I suggest not using ImageDataGenerator but a customized tf.data.Dataset. In a mapping operation, you can treat categories differently, e.g.:
def preprocess(filepath):
category = tf.strings.split(filepath, os.sep)[0]
read_file = tf.io.read_file(filepath)
decode = tf.image.decode_jpeg(read_file, channels=3)
resize = tf.image.resize(decode, (200, 200))
image = tf.expand_dims(resize, 0)
if tf.equal(category, 'tf_astronauts'):
image = tf.image.flip_up_down(image)
image = tf.image.flip_left_right(image)
# image = tf.image.convert_image_dtype(image, tf.float32)
# category = tf.cast(tf.equal(category, 'tf_astronauts'), tf.int32)
return image, category
Let me demonstrate it. Let's make you a folder with training images:
import tensorflow as tf
import matplotlib.pyplot as plt
import cv2
from skimage import data
from glob2 import glob
import os
cat = data.chelsea()
astronaut = data.astronaut()
for category, picture in zip(['tf_cats', 'tf_astronauts'], [cat, astronaut]):
os.makedirs(category, exist_ok=True)
for i in range(5):
cv2.imwrite(os.path.join(category, category + f'_{i}.jpg'),
cv2.cvtColor(picture, cv2.COLOR_RGB2BGR))
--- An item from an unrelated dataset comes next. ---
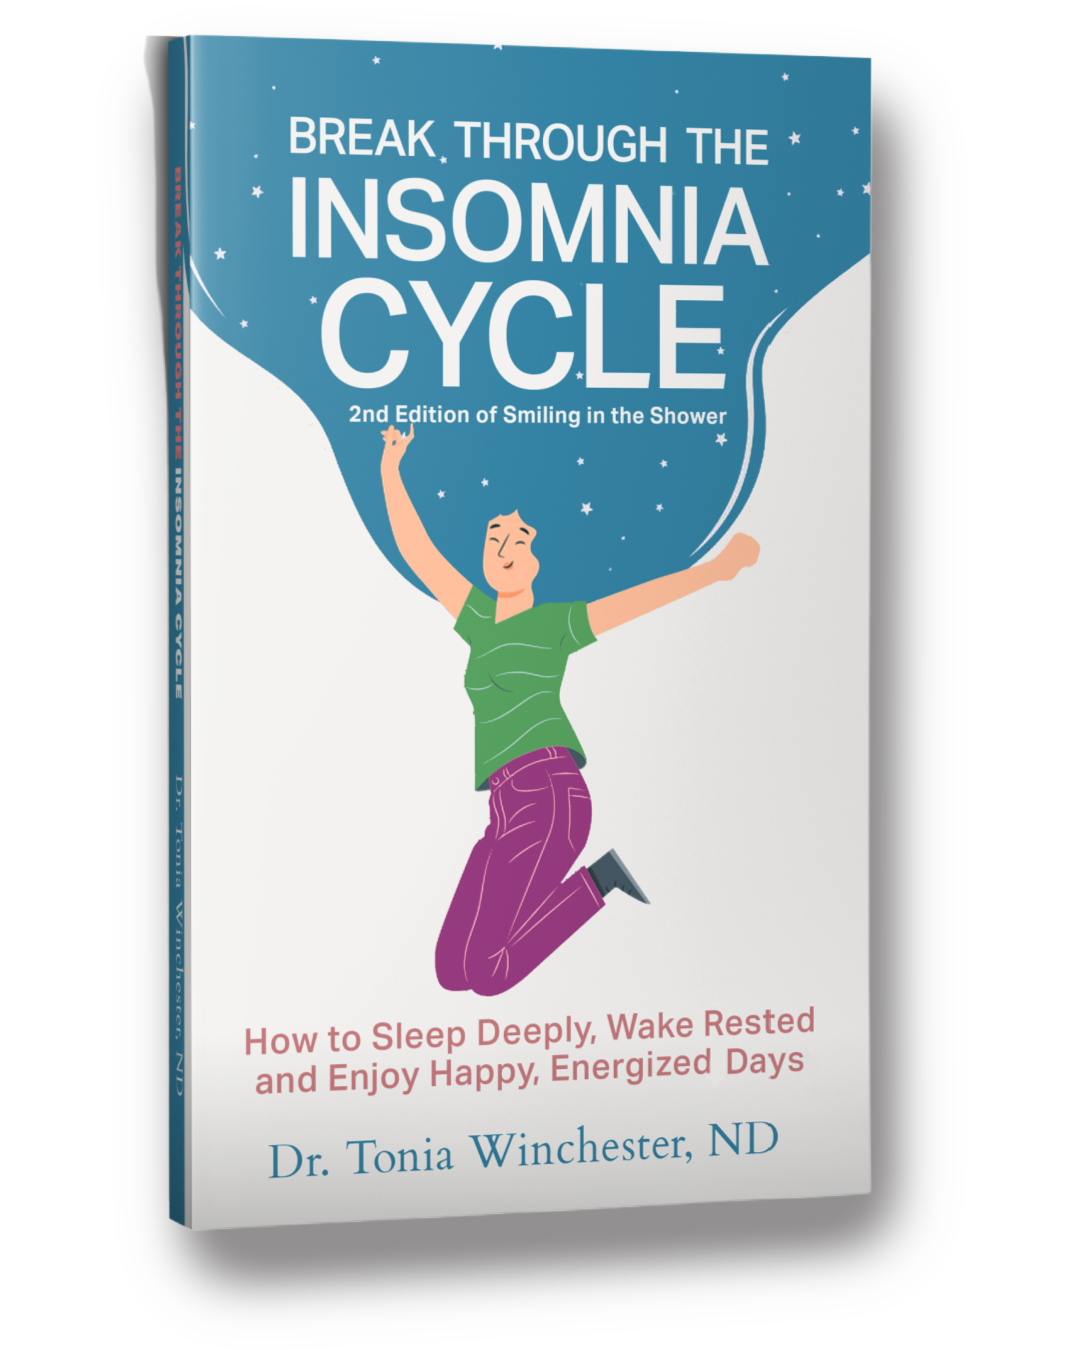 breakthrough the insomnia cycle

files = glob('tf_*\\*.jpg')
Now you have these files:
['tf_astronauts\\tf_astronauts_0.jpg',
'tf_astronauts\\tf_astronauts_1.jpg',
'tf_astronauts\\tf_astronauts_2.jpg',
'tf_astronauts\\tf_astronauts_3.jpg',
'tf_astronauts\\tf_astronauts_4.jpg',
'tf_cats\\tf_cats_0.jpg',
'tf_cats\\tf_cats_1.jpg',
'tf_cats\\tf_cats_2.jpg',
'tf_cats\\tf_cats_3.jpg',
'tf_cats\\tf_cats_4.jpg']
Let's apply tranformations only to the astronaut category. Let's use the tf.image transformations.
def preprocess(filepath):
category = tf.strings.split(filepath, os.sep)[0]
read_file = tf.io.read_file(filepath)
decode = tf.image.decode_jpeg(read_file, channels=3)
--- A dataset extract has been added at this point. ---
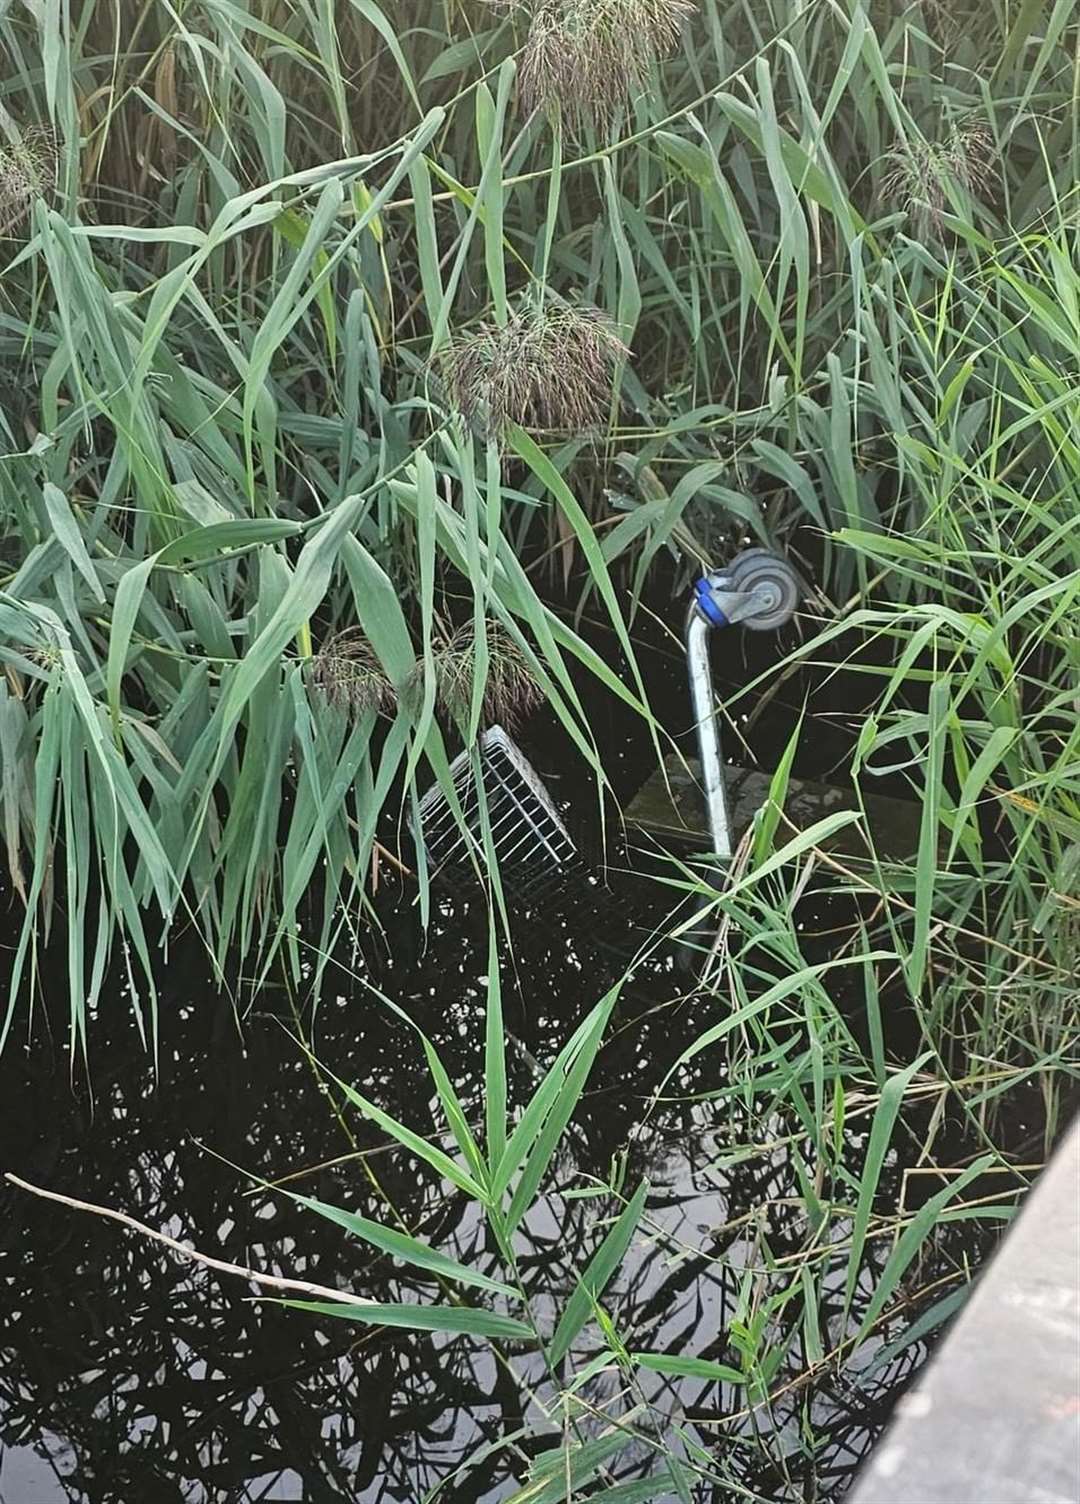 A trolley has been submerged in the lake

resize = tf.image.resize(decode, (200, 200))
image = tf.expand_dims(resize, 0)
if tf.equal(category, 'tf_astronauts'):
image = tf.image.flip_up_down(image)
image = tf.image.flip_left_right(image)
# image = tf.image.convert_image_dtype(image, tf.float32)
# category = tf.cast(tf.equal(category, 'tf_astronauts'), tf.int32)
return image, category
Then, we make the tf.data.Dataset:
train = tf.data.Dataset.from_tensor_slices(files).\
shuffle(10).take(4).map(preprocess).batch(4)
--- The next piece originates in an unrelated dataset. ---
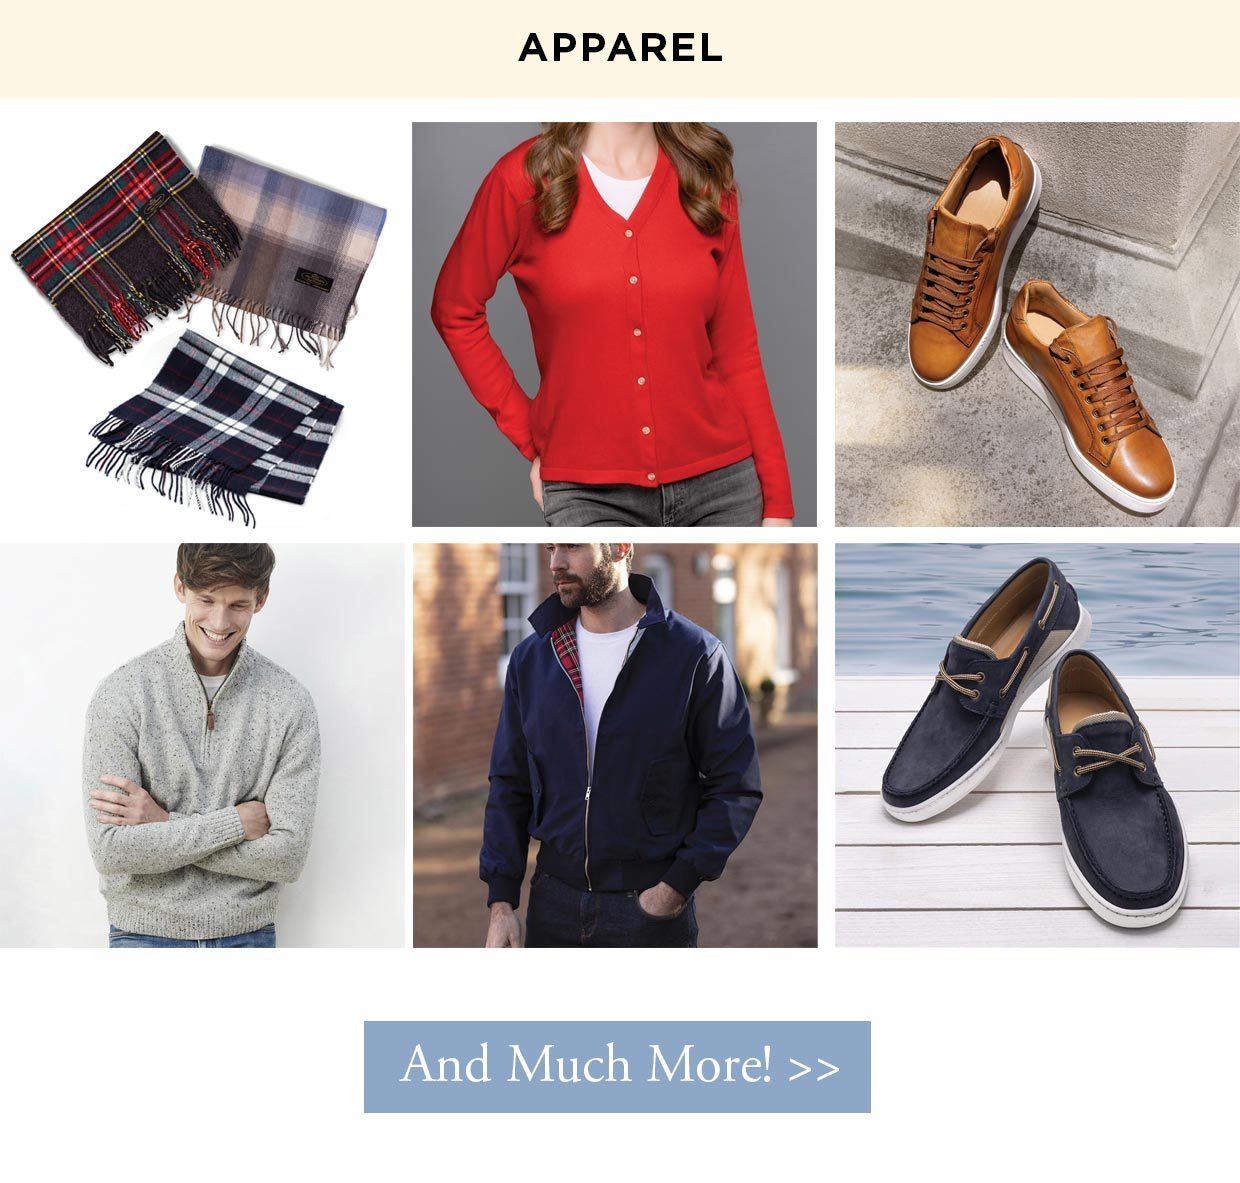 Apparel. Scarves, Sweaters, Sneakers, & Coats. And Much More!

And when you iterate the dataset, you'll see that only the astronaut is flipped:
fig = plt.figure()
plt.subplots_adjust(wspace=.1, hspace=.2)
images, labels = next(iter(train))
for index, (image, label) in enumerate(zip(images, labels)):
ax = plt.subplot(2, 2, index + 1)
ax.set_xticks([])
ax.set_yticks([])
ax.set_title(label.numpy().decode())
ax.imshow(image[0].numpy().astype(int))
plt.show()
Please note, for training you will need to uncomment the two lines in preprocess so it returns an array of floats and an integer.